Articles | Volume 17, issue 2
Atmos. Chem. Phys., 17, 1401–1415, 2017
https://doi.org/10.5194/acp-17-1401-2017
Atmos. Chem. Phys., 17, 1401–1415, 2017
https://doi.org/10.5194/acp-17-1401-2017

Research article 31 Jan 2017

Research article | 31 Jan 2017

Atmospheric processes of organic pollutants over a remote lake on the central Tibetan Plateau: implications for regional cycling

Jiao Ren1,3, Xiaoping Wang1,2, Chuanfei Wang1,2, Ping Gong1,2, and Tandong Yao1,2 Jiao Ren et al.
  • 1Key Laboratory of Tibetan Environment Changes and Land Surface Processes, Institute of Tibetan Plateau Research, Chinese Academy of Sciences, Beijing, 100101, China
  • 2CAS Center for Excellence in Tibetan Plateau Earth Sciences, Beijing, 100101, China
  • 3University of Chinese Academy of Sciences, Beijing 100049, China

Abstract.
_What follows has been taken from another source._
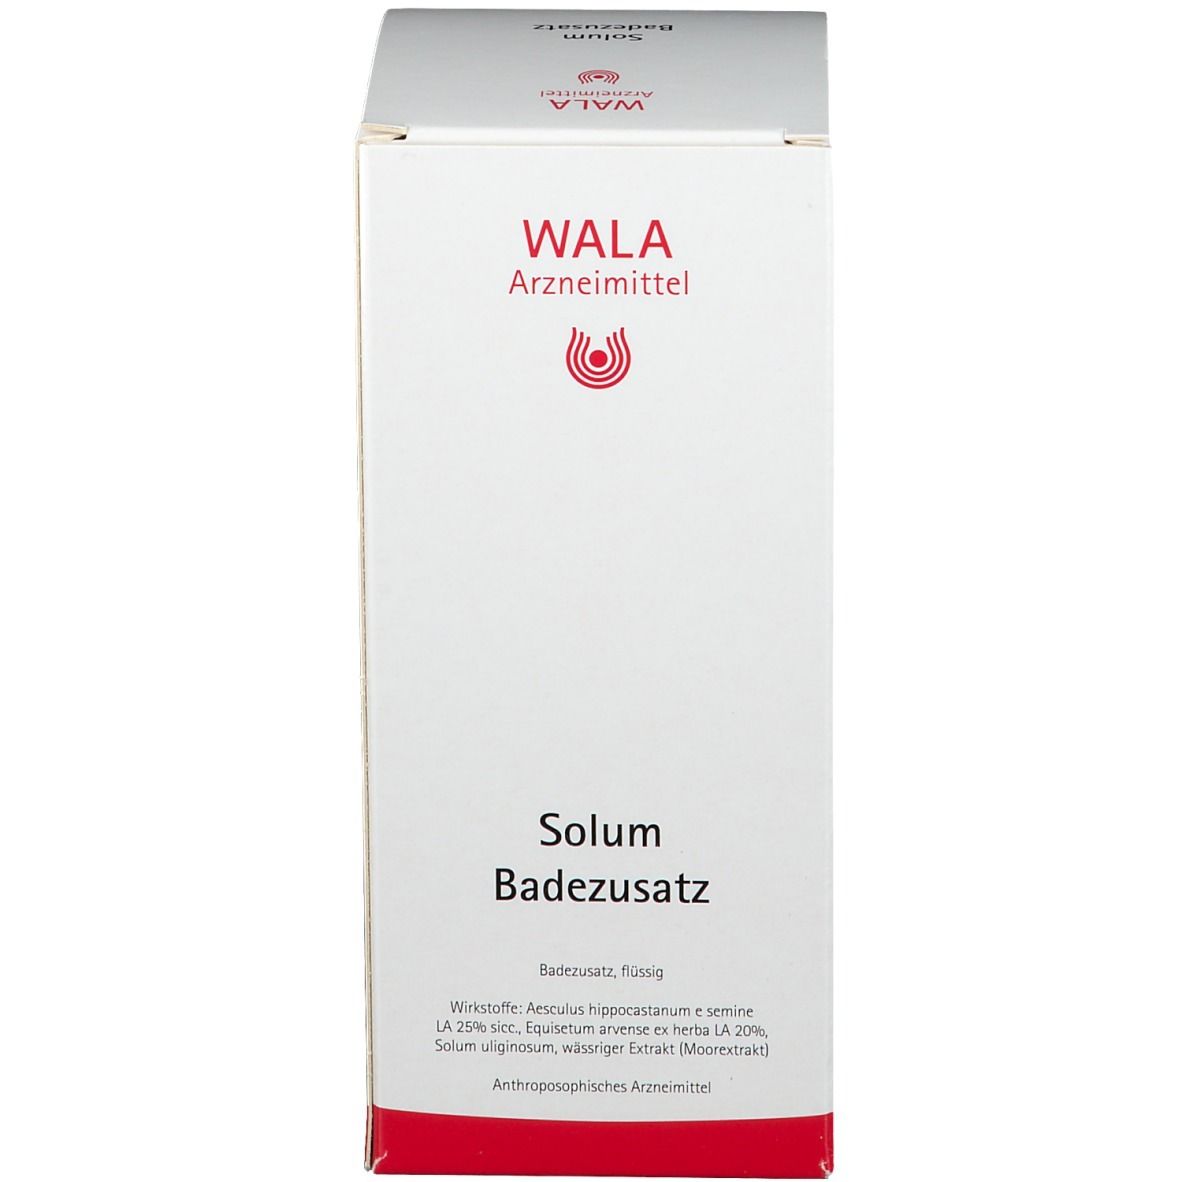 WALA® Solum Badezusatz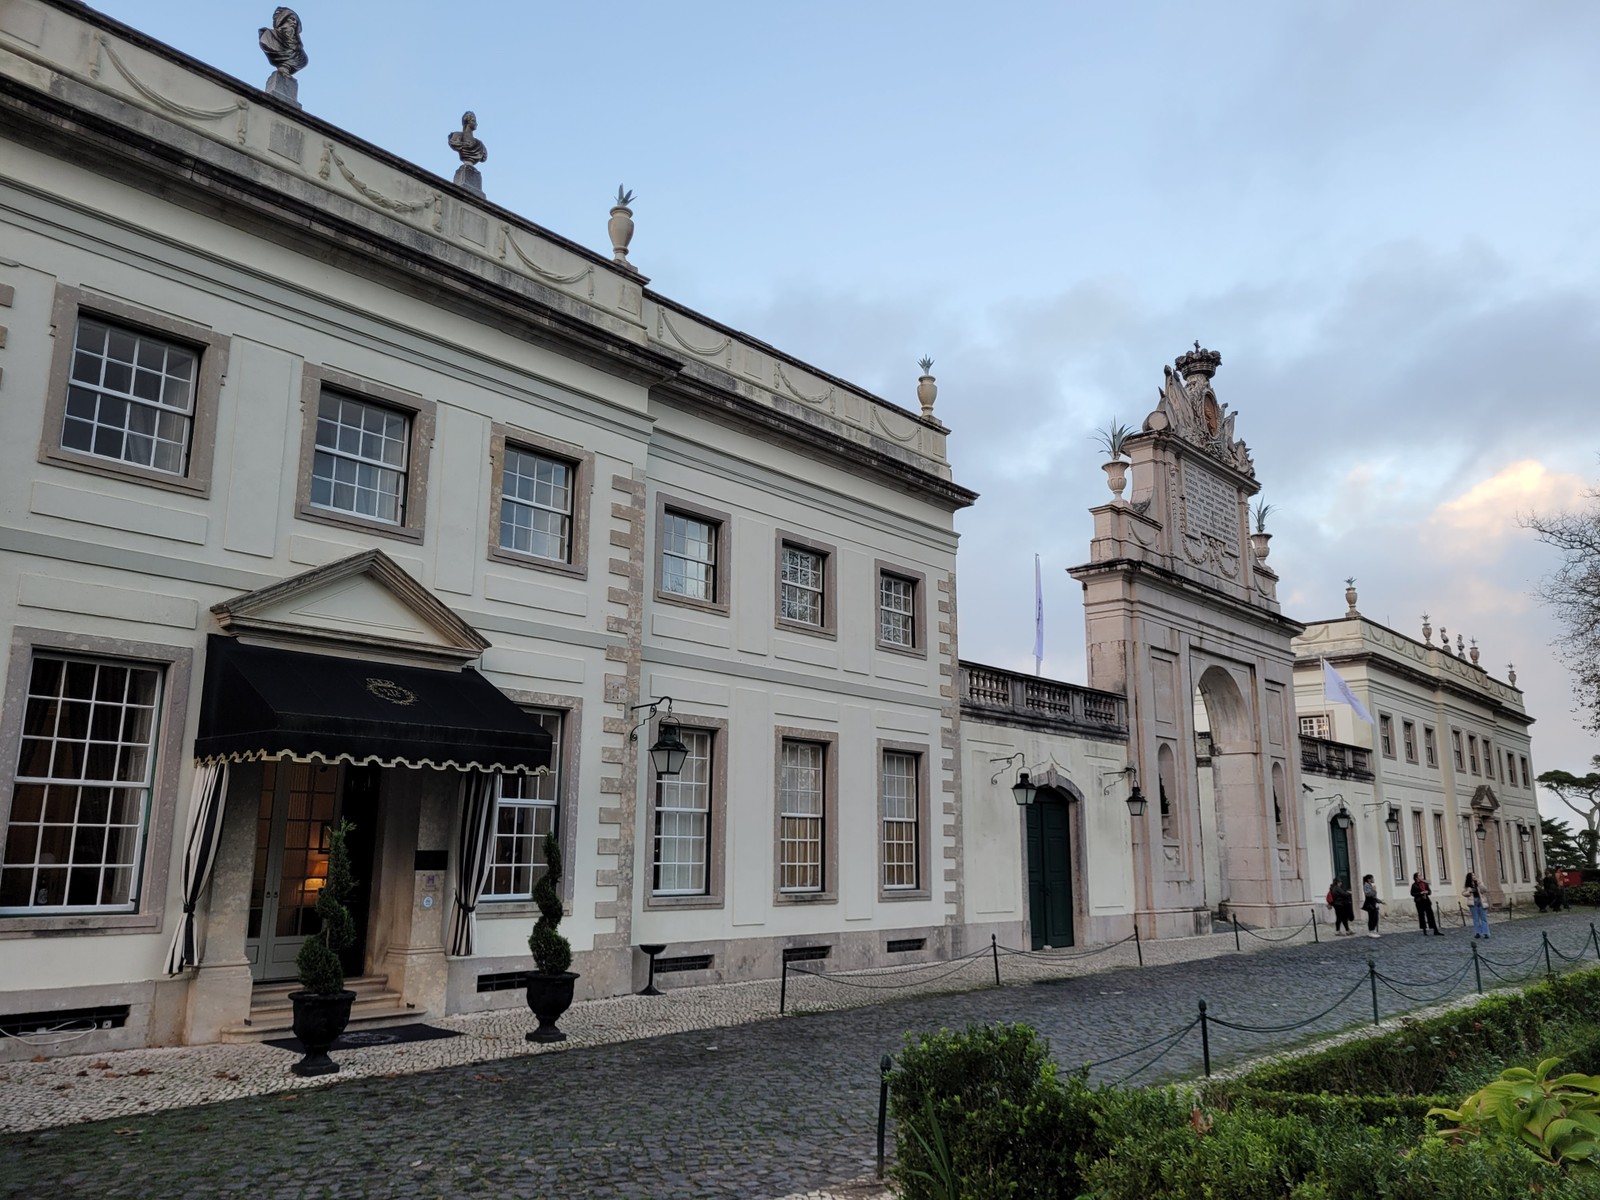 Fachada do Tivoli Palácio de Seteais, hotel de luxo em Sintra que funciona num palácio histórico do século XVIII — Foto: Eduardo Maia / O Globo

Atmospheric processes (air–surface exchange, and atmospheric deposition and degradation) are crucial for understanding the global cycling and fate of organic pollutants (OPs). However, such assessments over the Tibetan Plateau (TP) remain uncertain. More than 50 % of Chinese lakes are located on the TP, which exerts a remarkable influence on the regional water, energy, and chemical cycling. In this study, air and water samples were simultaneously collected in Nam Co, a large lake on the TP, to test whether the lake is a secondary source or sink of OPs. Lower concentrations of organochlorine pesticides (OCPs) and polychlorinated biphenyls (PCBs) were observed in the atmosphere and lake water of Nam Co, while the levels of polycyclic aromatic hydrocarbons (PAHs) were relatively higher. Results of fugacity ratios and chiral signatures both suggest that the lake acted as the net sink of atmospheric hexachlorocyclohexanes (HCHs), following their long-range transport driven by the Indian monsoon. Different behaviours were observed in the PAHs, which primarily originated from local biomass burning. Acenaphthylene, acenaphthene, and fluorene showed volatilization from the lake to the atmosphere, while other PAHs were deposited into the lake due to the integrated deposition process (wet/dry and air–water gas deposition) and limited atmospheric degradation. As the dominant PAH compound, phenanthrene exhibited a seasonal reversal of air–water gas exchange, which was likely related to the melting of the lake ice in May. The annual input of HCHs from the air to the entire lake area (2015 km2) was estimated as 1.9 kg yr−1, while input estimated for  15PAHs can potentially reach up to 550 kg yr−1. This study highlights the significance of PAH deposition on the regional carbon cycling in the oligotrophic lakes of the TP.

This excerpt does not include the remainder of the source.